All that should come back is the lines of the data below from the one containing "If you'd like" to the one containing "The Functional Versus", inclusive, exactly as they stand.

Exercise materials Start Marker

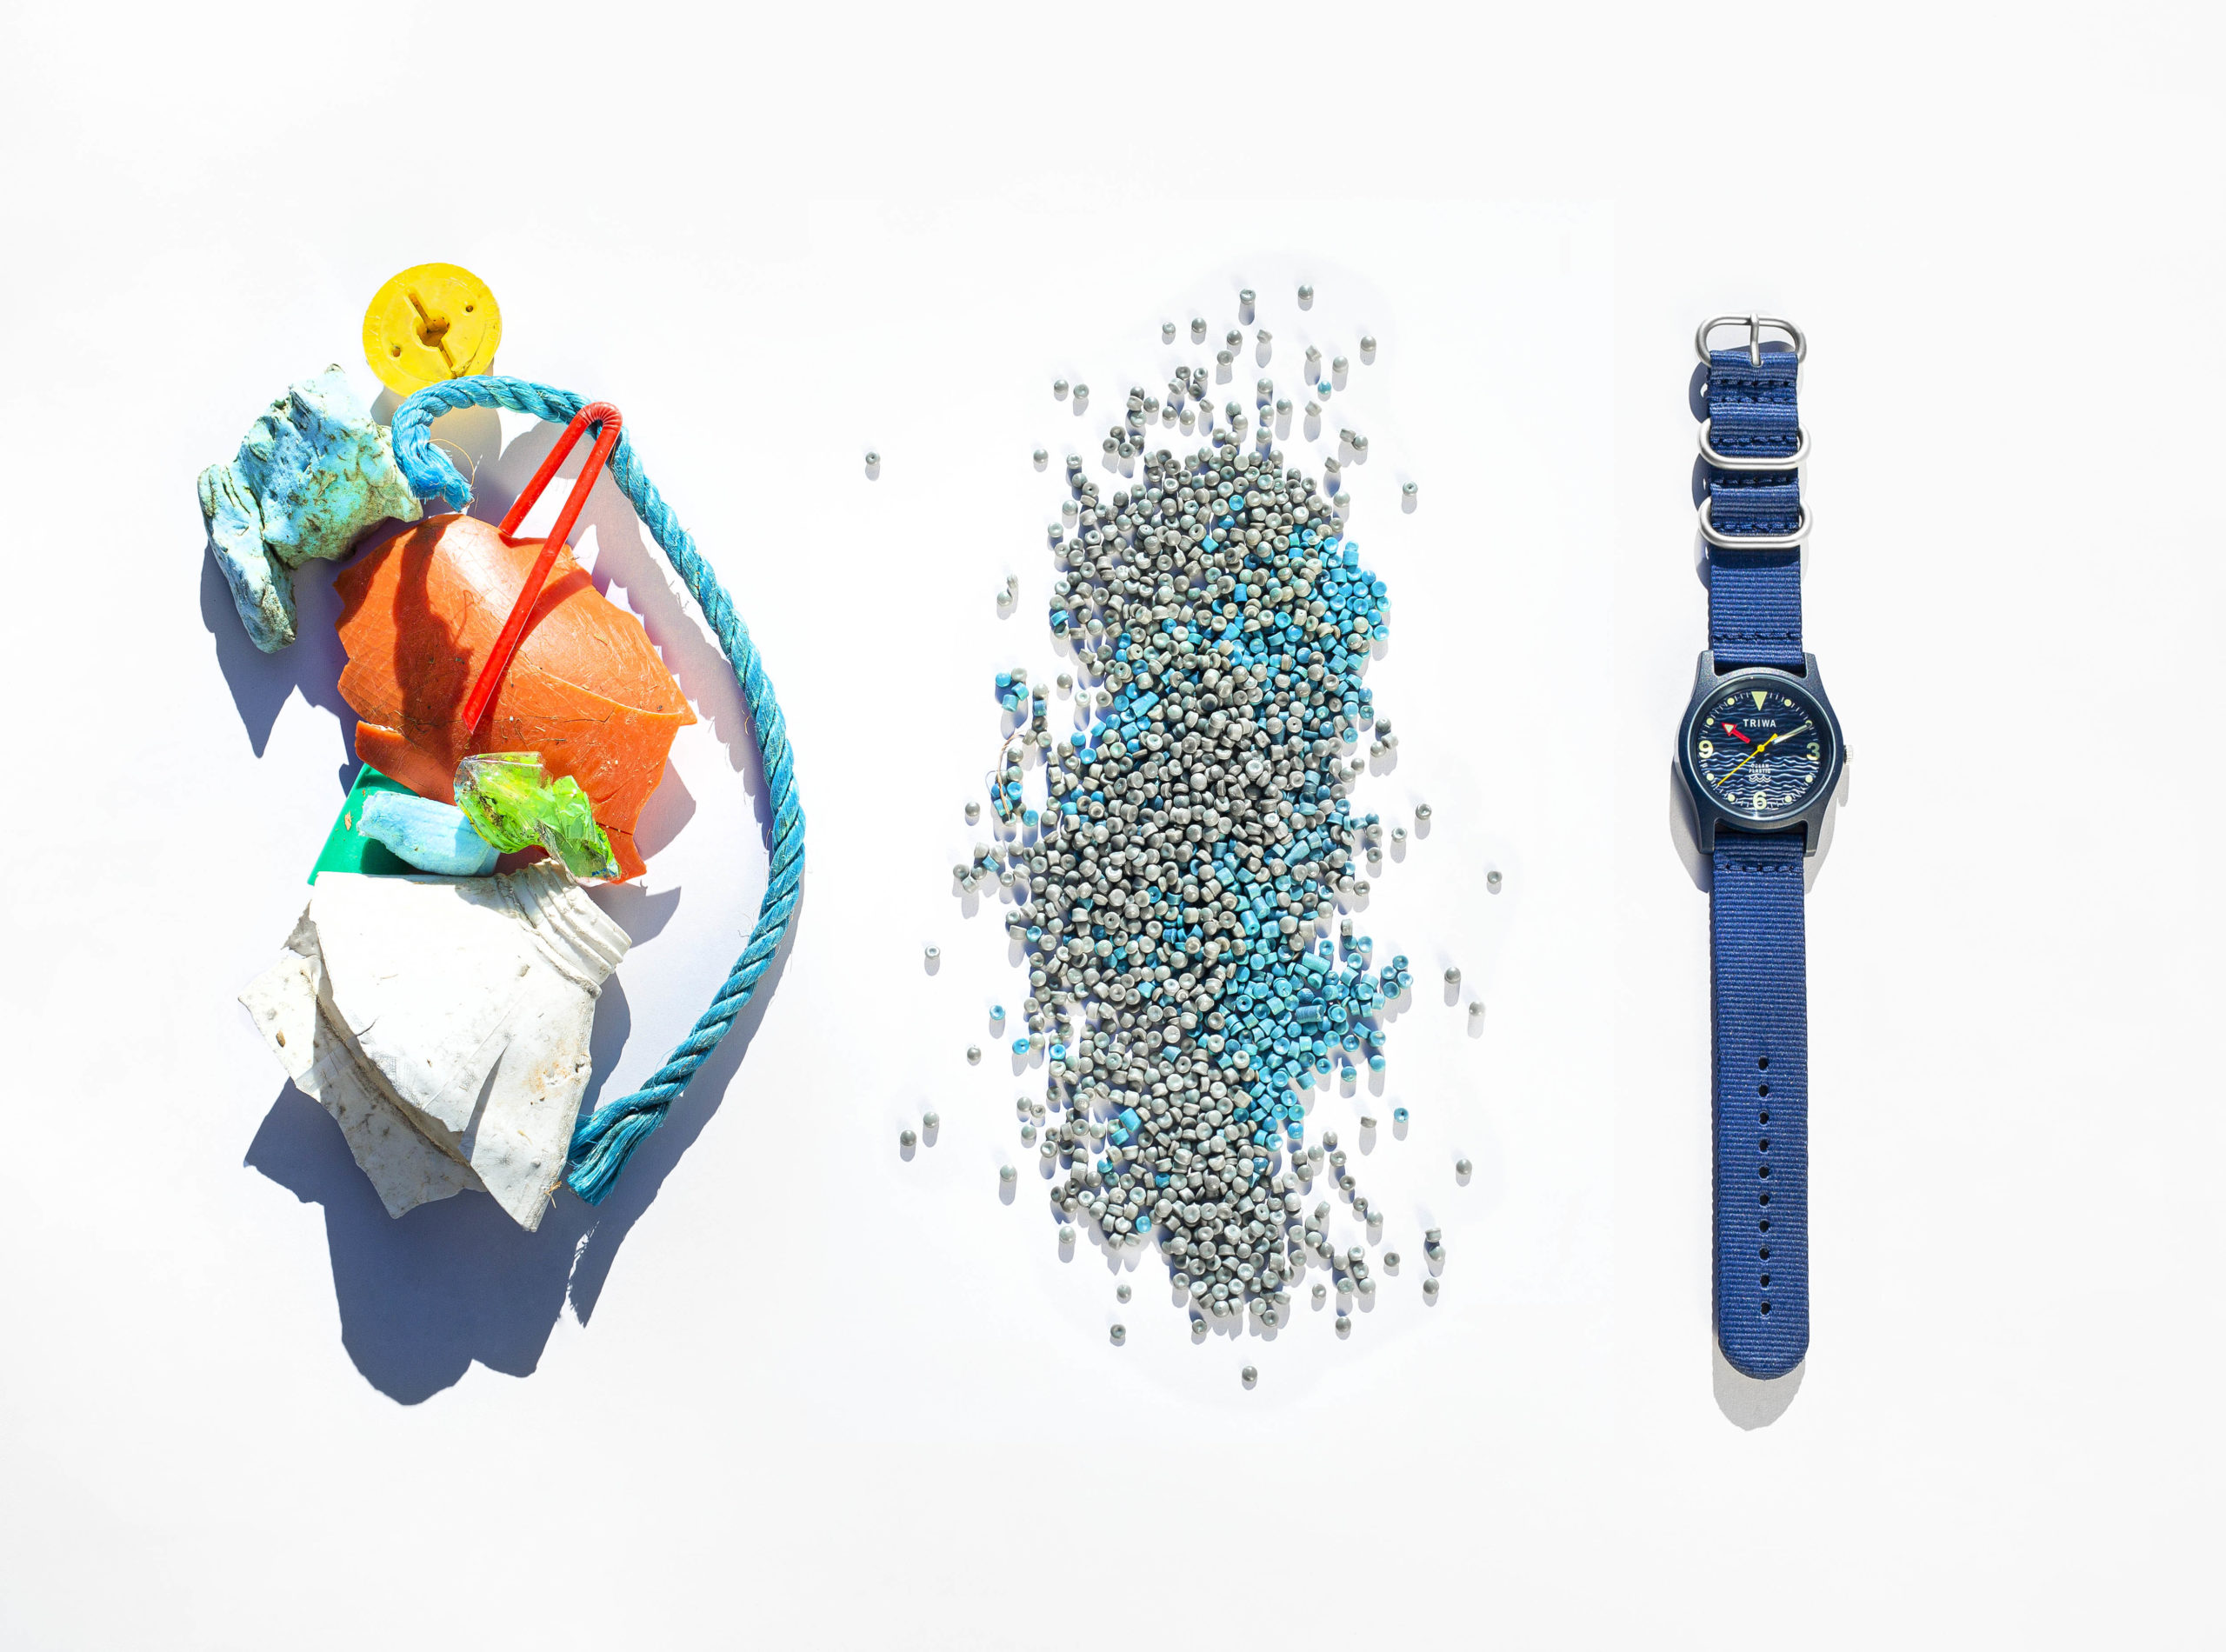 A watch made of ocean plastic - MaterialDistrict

Exercise materials End Marker
Exercise materials Start Marker

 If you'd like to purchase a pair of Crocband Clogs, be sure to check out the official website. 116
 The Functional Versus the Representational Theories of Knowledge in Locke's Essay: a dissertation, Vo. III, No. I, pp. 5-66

Exercise materials End Marker

Exercise result:
 If you'd like to purchase a pair of Crocband Clogs, be sure to check out the official website. 116
 The Functional Versus the Representational Theories of Knowledge in Locke's Essay: a dissertation, Vo. III, No. I, pp. 5-66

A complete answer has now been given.